A Framework for Mobile Paper-based Computing



Military work-practice is a difficult area of research where paper-based approaches are still extended. This thesis proposes a solution which permits the digitalization of information at the same time as work-practice remains unaltered for soldiers working with maps in the field. For this purpose, a mobile interactive paper-based platform has been developed which permits the users to maintain their current work-flow. The premise of the solution parts from a system consisting of a prepared paper-map, a cellular phone, a desktop computer, and a digital pen with bluetooth connection. The underlying idea is to permit soldiers to take advantage of the information a computerized system can offer, at the same time as the overhead it incurs is minimized. On one hand this implies that the solution must be light-weight, on the other it must retain current working procedures as far as possible. The desktop computer is used to develop new paper-driven applications through the application provided in the development framework, thus allowing the tailoring of applications to the changing needs of military operations. One major component in the application suite is a symbol recognizer which is capable of recognizing symbols parting from a template which can be created in one of the applications. This component permits the digitalization of information in the battlefield by drawing on the paper-map. The proposed solution has been found to be viable, but still there is a need for further development. Furthermore, there is a need to adapt the existing hardware to the requirements of the military to make it usable in a real-world situation.


Ever since the advent of computers, engineers have continuously managed to reduce the size of the computer systems. The first computers occupied entire rooms, and it wasn’t until the desktop computers made their entrance, that computers became available to the general public. The third generation of computing is called ubiquitous computing, a term coined by Mark Weiser in the 1990’s. The ubiquitous computer is supposed to become invisible at the same time as it provides the benefits of using a computerized system. An important implication of ubiquitous computing is that the computer system should allow people to perform their normal tasks in their normal environment, but with computer support.

In this context a natural mean of interaction is paper and pen, which has formed part of people’s everyday life for a long time. Today, although computers are making their entrance in people’s life, work-practice still involves the use of paper and pen. For instance, military work-practice, relies heavily on working with maps. Soldiers draw on maps, and discuss strategies looking at maps. Current work-practice, however, implies that if the operators at headquarters want to have a complete overview of the situation, it is necessary for all units to report their findings manually. The arguments for having the information in a digital form is growing stronger as critiquing systems are being developed.

 In the future, a combination of paper and pen interaction can become reality in electronic paper. The technology at this stage, however, proposes the use of digital pens together with specialized paper in order to get a version of electronic paper. Whereas computer systems which use computer screens have problems with low resolution and low portability, this is not the case with paper which combines a higher resolution, and the portability of paper.

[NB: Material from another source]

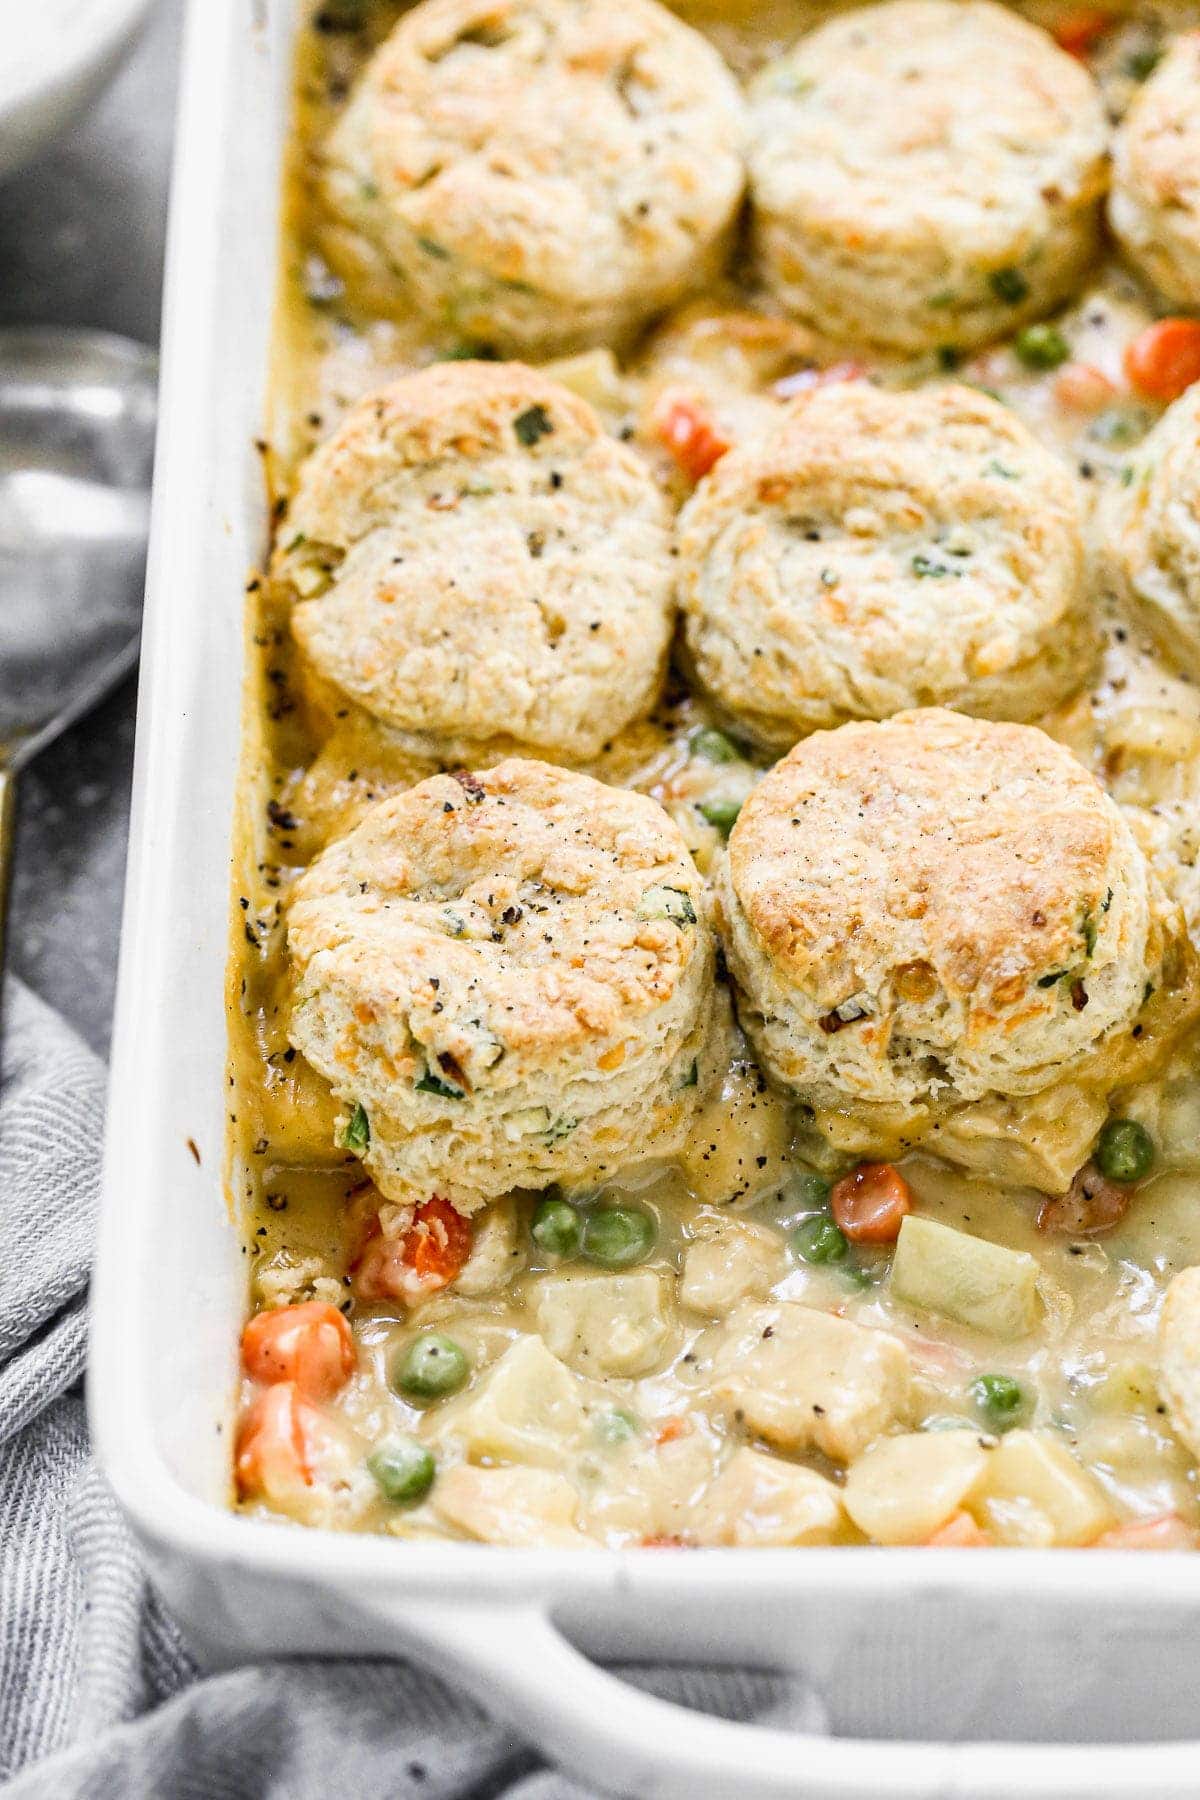 Possibly our favorite comfort food of fall, this Chicken Pot Pie with Biscuits is cozy, delicious and a such fun twist on traditional chicken pot pie. We take a classic creamy pot pie filling full of chicken, carrots, celery, and potatoes and stud it with sharp cheddar cheese and then top it off with fluffy, tender cheddar chive biscuits. Heaven in a casserole dish.

When electronic paper, in its true sense, will become available the ability to provide visual feedback directly from the computer system will be added.

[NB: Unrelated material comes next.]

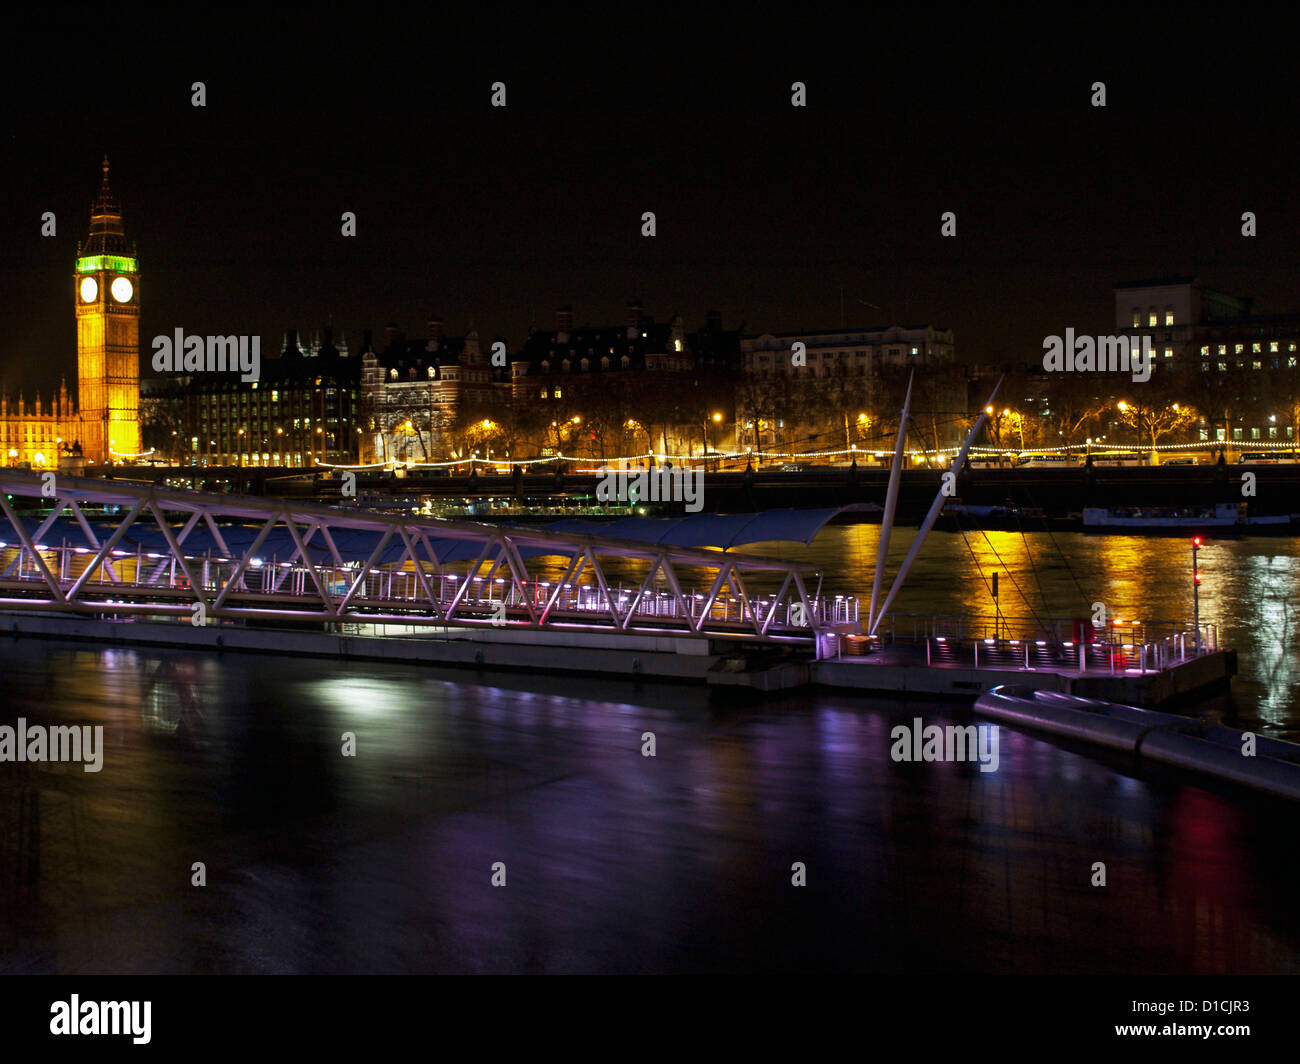 View of River Thames, Embankment, Big Ben clock tower, UNESCO World Heritage Site, City of Westminster, London, England, UK Stock Photo

A further benefit from using paper is that it provides a natural mechanism for graceful fallback, which is a feature that can be important in, for example, military applications. If the computer system fails to function, the information is still available on the paper. For military purposes the weight of the soldiers equipment is crucial. Laptops and tablet PCs are highly portable, but their weight is considerably higher than a system consisting of, for example, a cellular phone, paper and pen. Currently there is no other solution than paper maps which allows the use of a large, high-resolution image.

A probable reason why computerized systems haven’t been accepted in the military is their weight, low resolution, and unnatural interaction models. This calls for the development of applications which better suits the specific needs of this user group. The goal with the project was to develop a tool for military use in which a digital pen could be used as an interaction device to work on maps. The main benefit from such a system was expected to be an augmented map representation together with digitalization of the information.

The size of a paper map can typically be far bigger than A3-format. Even very big paper maps are wearable and can easily be folded.

Research Question

The main research question was to investigate in which way it is possible to support the use of an online paper-driven computer system in military work-practice, where multiple users should be able to interact and share information. The requirements on the solution are implicitly decided by current work-practice, and limitations of the technology. To be usable, the solution must fulfill the following requirements:

     The solution must be light-weight

     The solution should be based on paper maps

     The solution should facilitate the development of new interactive paper maps, thus enabling rapid prototyping

     The application should support typical pen-based interaction, for instance symbol writing

In this thesis a solution to the military’ needs can be found in the form of a framework for paper-driven applications. This thesis describes how a solution to the problem was developed. The thesis is multidisciplinary in the sense that it treats several disciplines within Computer Science. Ubiquitous Computing, Paper-Based Interfaces and Software Engineering are all fields that are related to this work.